Obras ainda não concluídas, mas anunciadas, propagandas impugnadas: as eleições começaram e os jogadores estão prontos, apresentando suas respectivas armas, seus respectivos discursos e, nunca, nunca mesmo, seus respectivos projetos.
Dilma anuncia obras e se utiliza de um tipo de campanha bastante característica da política brasileira, que, mais recentemente, tornou-se sua grande vantagem, graças ao nosso mais perspicaz cacique: Lula. Inaugurar banheiro público, inaugurar projeto, inaugurar política, inaugurar inauguração… Enfim, de alguma forma, aparecer em frente a um grande número de pessoas que legitime aquele discurso.
Aécio também surge. Com relutâncias de si e do seu partido, com enormes dificuldades de organização e definições, ele é o grande nome que pode fazer frente ao governo petista. Apesar de não acreditar numa virada, afinal, a oposição brasileira é muito fraca e o momento parece ter passado para Aécio, ele é a segunda ponta de nossa característica eleição plebiscitária, digo, presidencial. O PSDB, no entanto, sem unidade, sem projeto, sem valorização de seu antigo projeto, parece ser um adversário fraco para o PT, que tenta, de todas as formas, evitar um segundo turno.
O grande nome do PSDB é Eduardo Campos. É verdade, apesar de ser do PSB, é ele, e, somente ele, que pode evitar a tragédia tucana. Campos pode morrer pela boca, mas não quer perder o momento.

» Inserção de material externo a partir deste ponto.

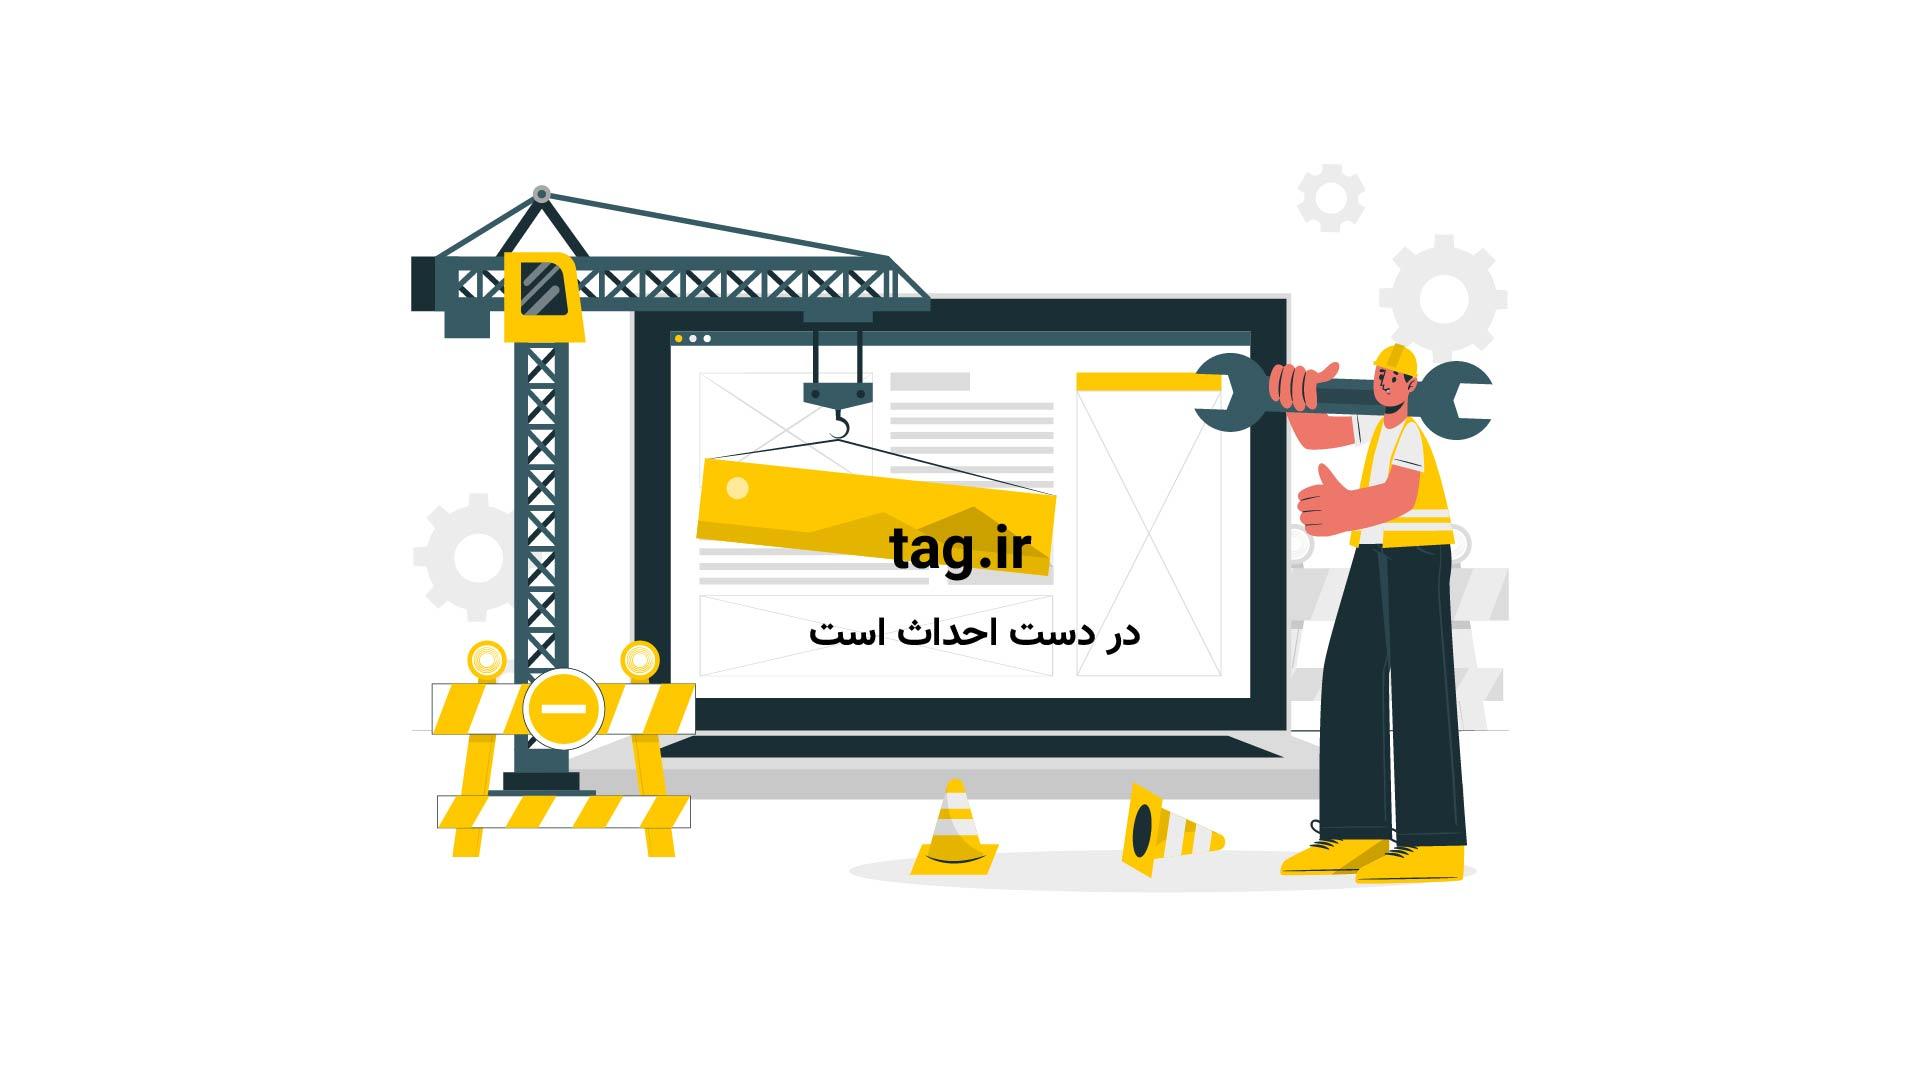 مسی، مارادونا و رونالدو برزیلی | تگ

Seu partido é o que mais cresce no Brasil, muito graças aos recursos “jorrantes” do PT no Nordeste, e ele parece destinado a lutar contra isso, segundo Lula é “ingratidão”. Acredito que o seu projeto tem muito de personalismo, afinal, uma grande parte de seu partido, não quer largar a teta do governo federal e, muitos, passam a se converter em frente à batalha. Passam para o PT e para o PSD, por exemplo. O personalismo de Campos, no entanto, é benéfico ao seu partido e, por associação, ao Brasil. Além de evitar uma vitória do PT no primeiro turno e, com isso, valorizar o jogo democrático (pois a base petista irá rachar no Nordeste), Campos irá fortalecer o PSB como uma força nacional, partindo para o combate.

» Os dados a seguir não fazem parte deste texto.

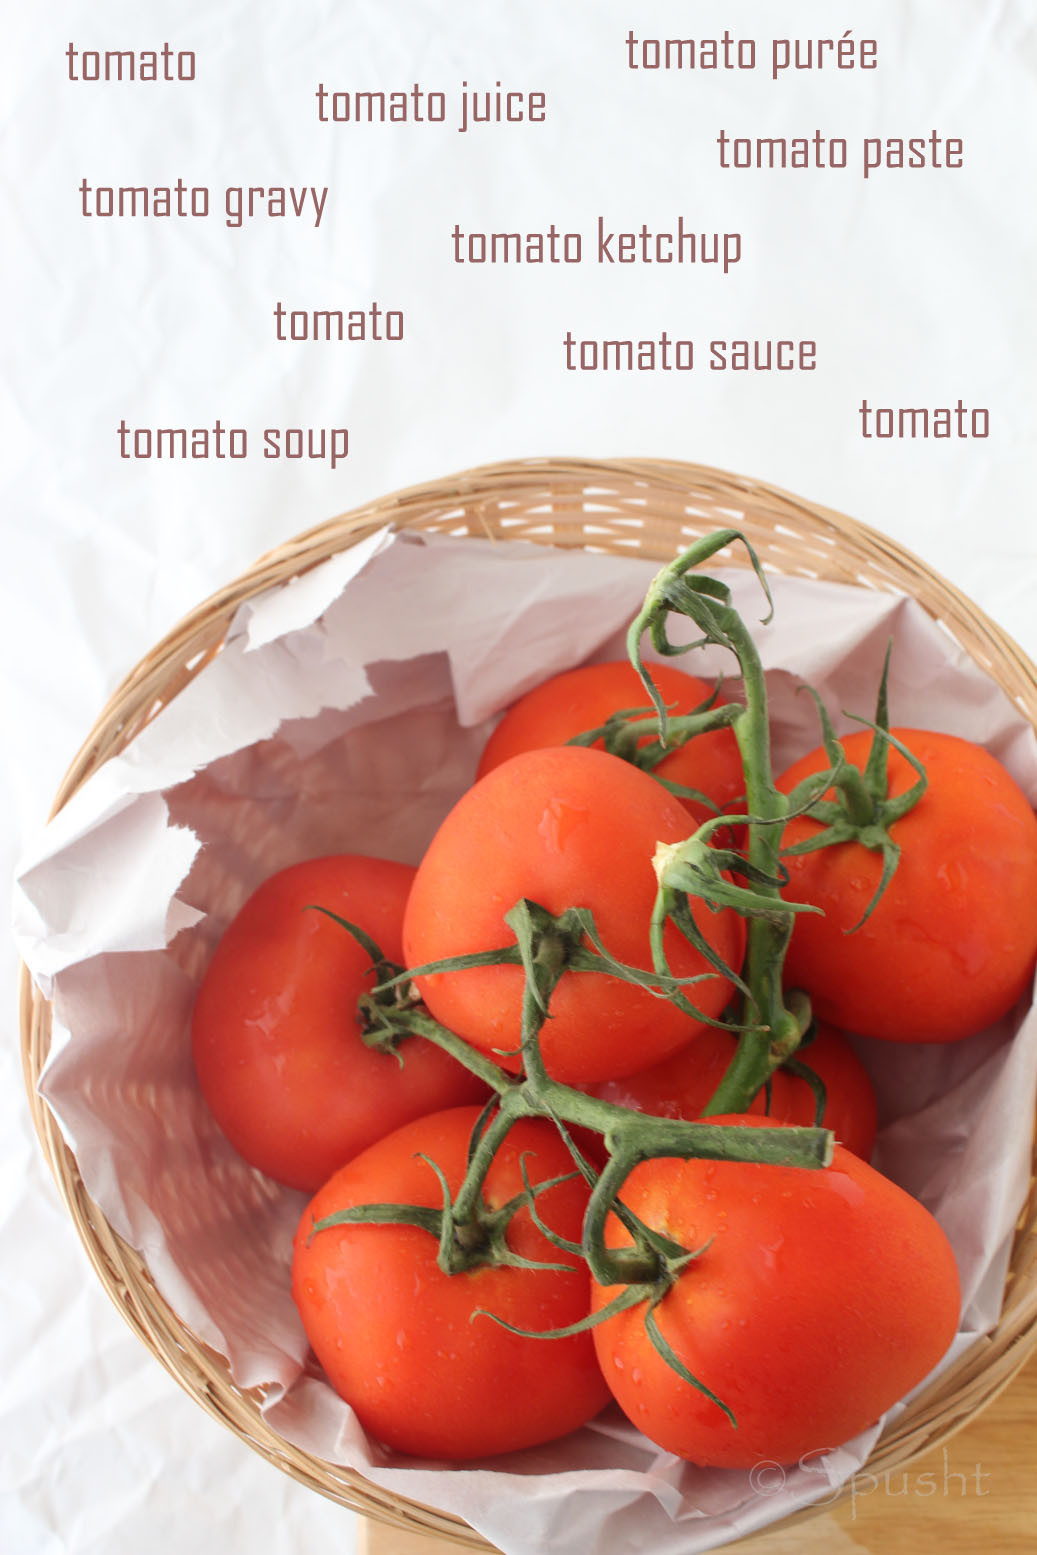 Tomato Soup From Tomato Paste  Spusht Tomato Paste Purée Juice Gravy Soup Sauce

A última parte deste jogo: Marina e seus dilemas. Grande protagonista da última eleição, quando, somente com uma plataforma clara, conseguiu angariar uma quantidade imensa de votos, ela parece ter se perdido. Saiu do PV, aonde não tinha muito a acrescentar no sentido da filosofia, e quer fundar um partido para chamar de seu. O REDE nascerá sem lado e com uma plataforma bem específica. Não acredito, neste sentido, que ela tenha o mesmo protagonismo das últimas eleições, além de que parece que não influenciará muito os destinos da eleição. Mas, como todas as previsões, esta não é certa e, somente as eleições, no ano que vem, poderão dizer se acertei ou errei. Pretendo acompanhá-las mais de perto, o que deveria ser feito por todos nós.